Bush went on television to tell the American people he has a plan to help with global warming. This comes from a man who denied the existence of global warming for the past six years. So what is he up to? Why has he allowed MORE GLOBAL WARMING problems to occur over the course of his presidency? Why has he appointed a former head of Exxon as our nation’s energy chief? Why does he continue to fight for rights for oil companies? Experts know that Bush’s expertise is in lip service. His so-called initiatives won’t do the trick. Bush is an oil man and his constituents run businesses that cause the most air pollution and global warming. But you can’t fool all the people all the time. Americans aren’t buying what he’s saying. His lower than 28 percent approval rating belies his rhetoric.
CNN…On Monday [January 22, 2007], a group of leading business executives met in Washington and called for steps to cut greenhouse gas emissions.
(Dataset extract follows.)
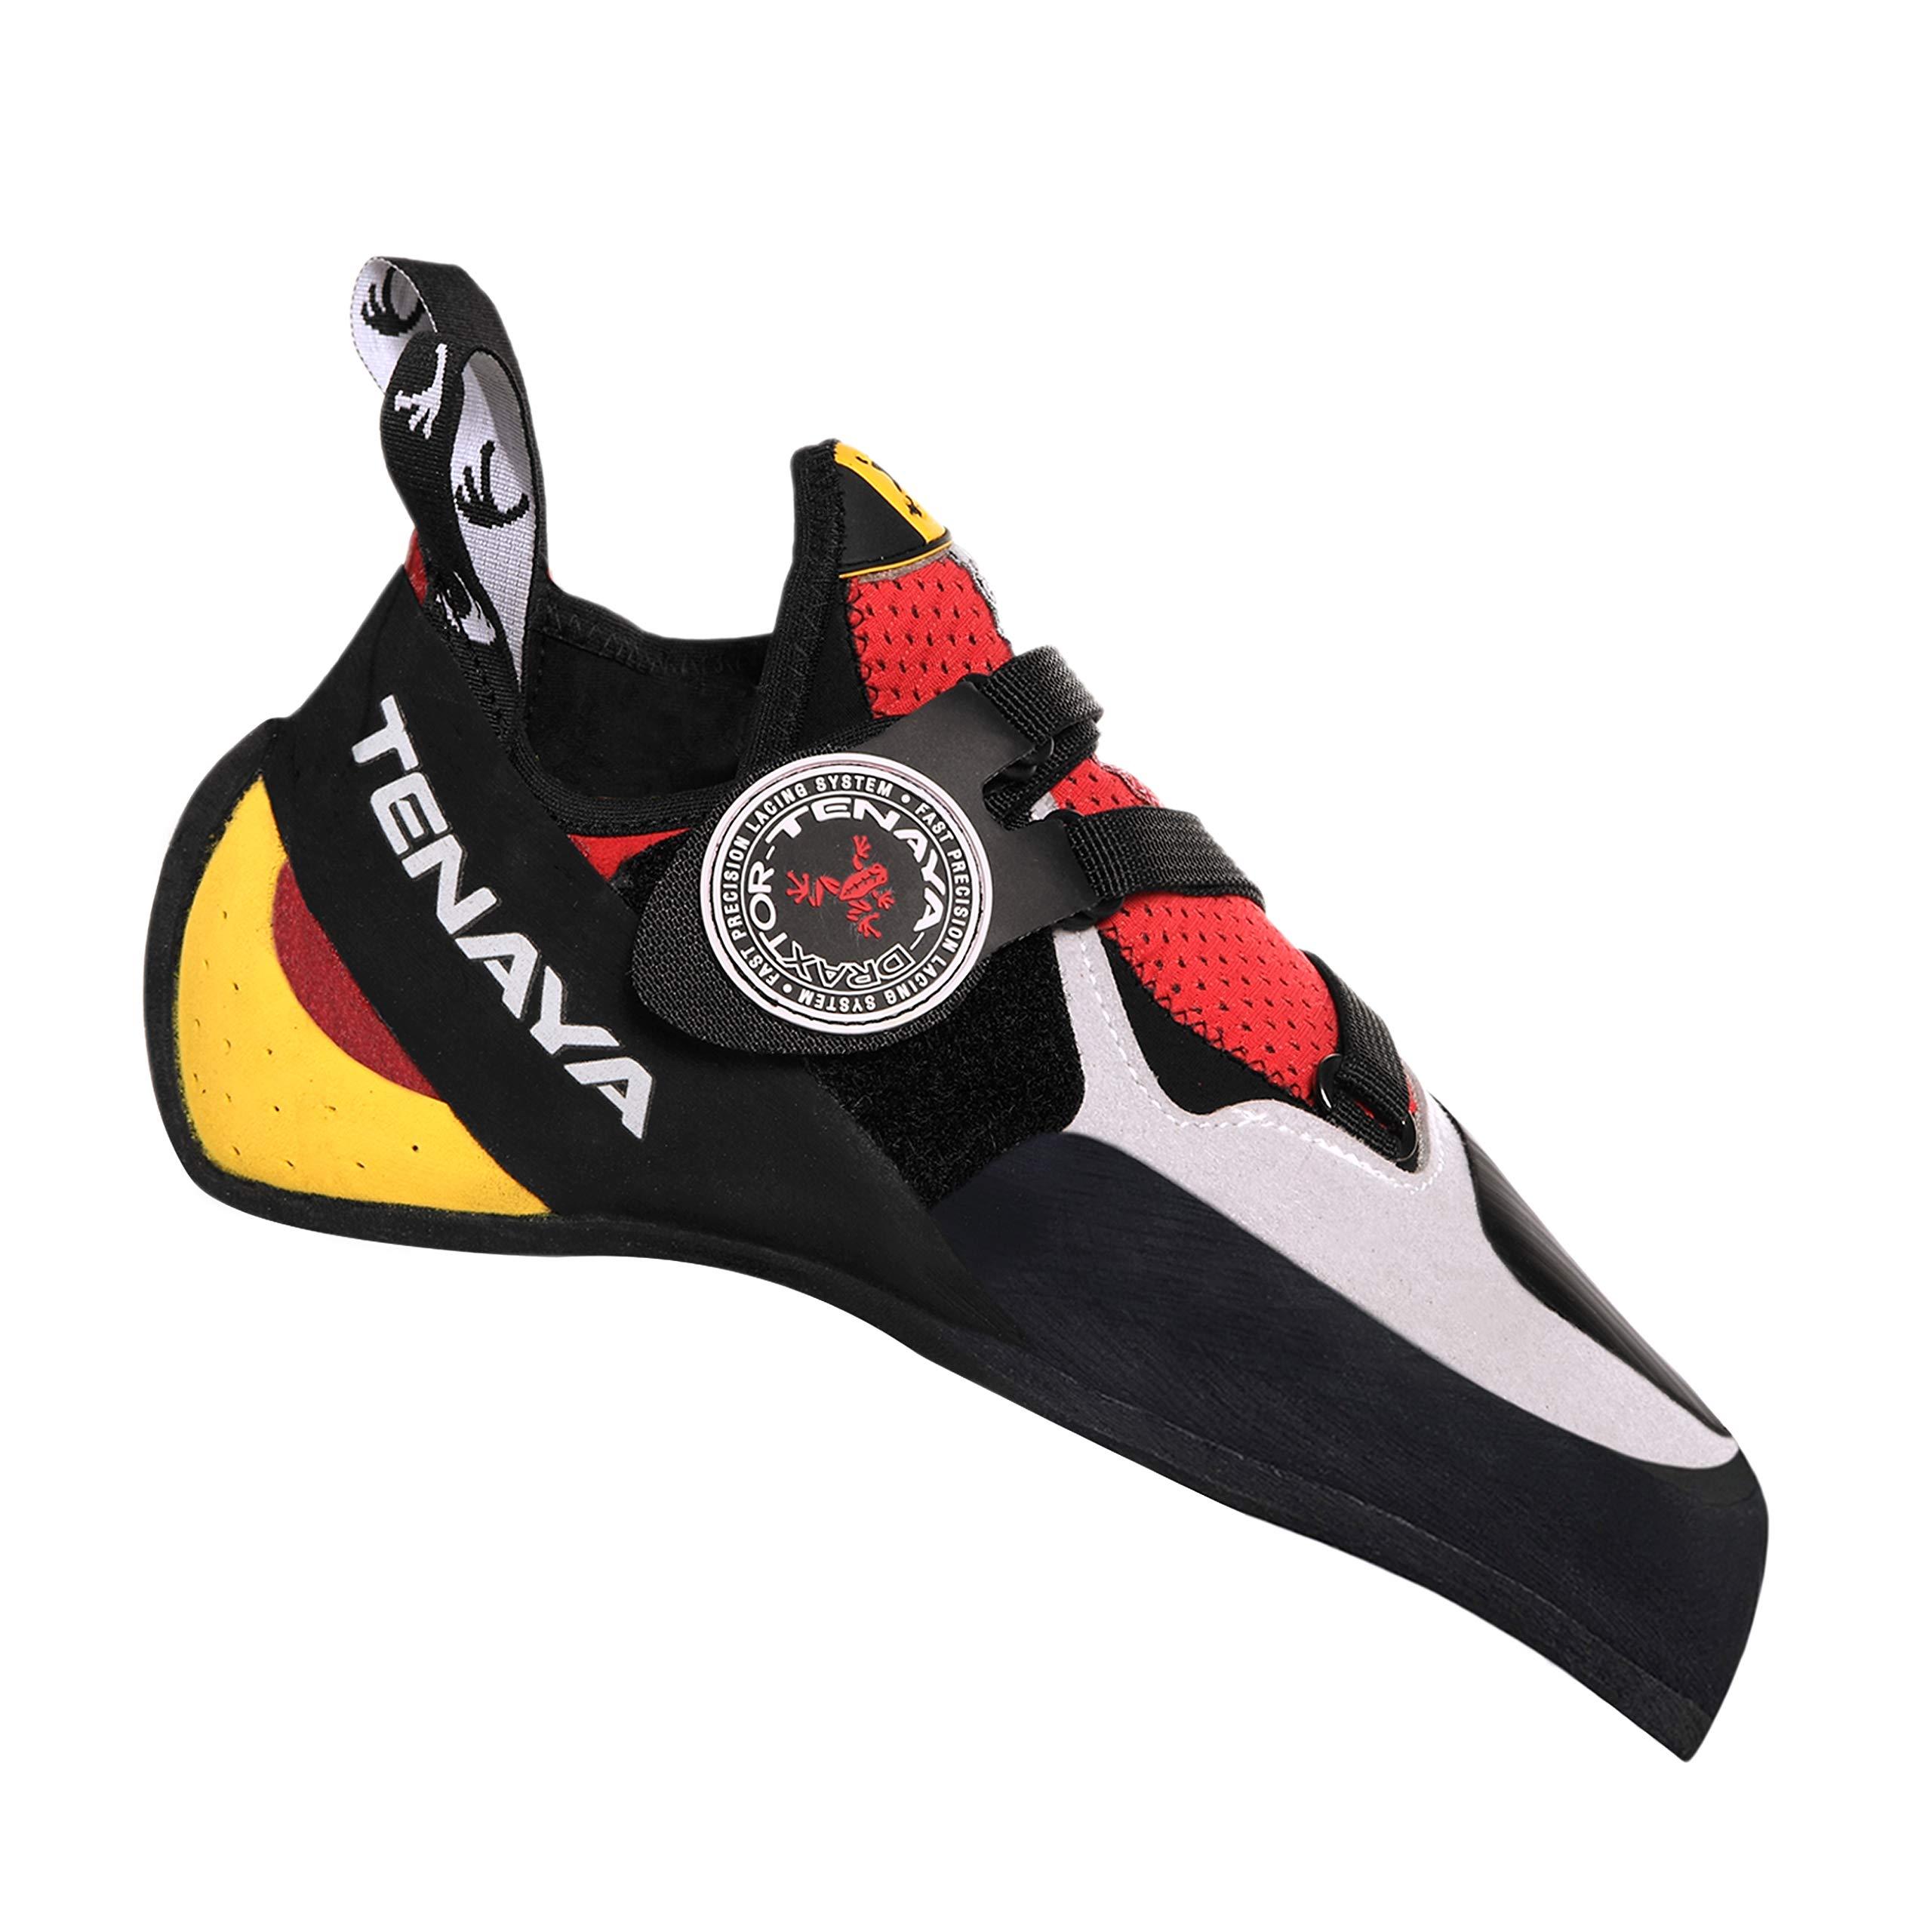 Tenaya Iati Rock Climbing Shoe, 11 Men's / 12 Women's by Tenaya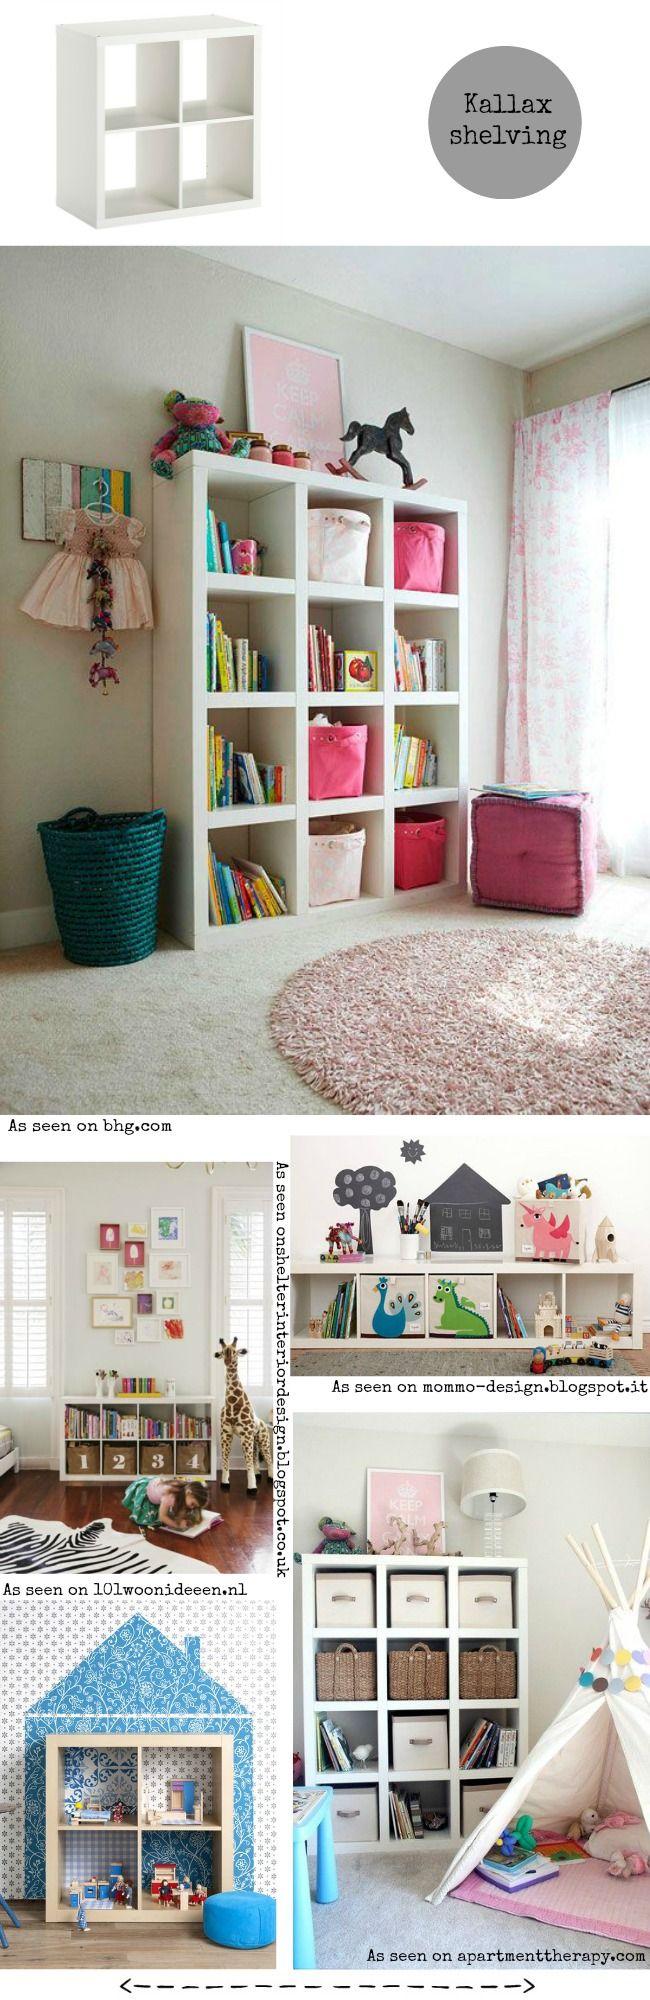 25 Best Ideas About Ikea Kids Bedroom On Pinterest Ikea Girls Room Ikea Kids Room And Shared Room Girls

The White House said Bush’s proposals would stop the growth of carbon dioxide emissions from cars, light trucks and sport-utility vehicles within 10 years.
But Philip Clapp, president of the National Environmental Trust, said they would do “almost nothing” to slow the pace of global warming.
“There is no revolution in global warming policy in anything the president is proposing, no matter how the White House tries to spin it,” Clapp said in a written statement. “The numbers are calculated to sound big and impressive, but the president is being just as intransigent on global warming as he is on Iraq – ignoring Congress, major business leaders and the public, who have called for action.”
The president has used his annual address to Congress to call for cleaner energy before. But in 2004, the Environmental Protection Agency conceded that greenhouse gas emissions went up in the two years since Bush vowed to cut them by 18 percent over 10 years. The EPA blamed the increase on greater economic growth.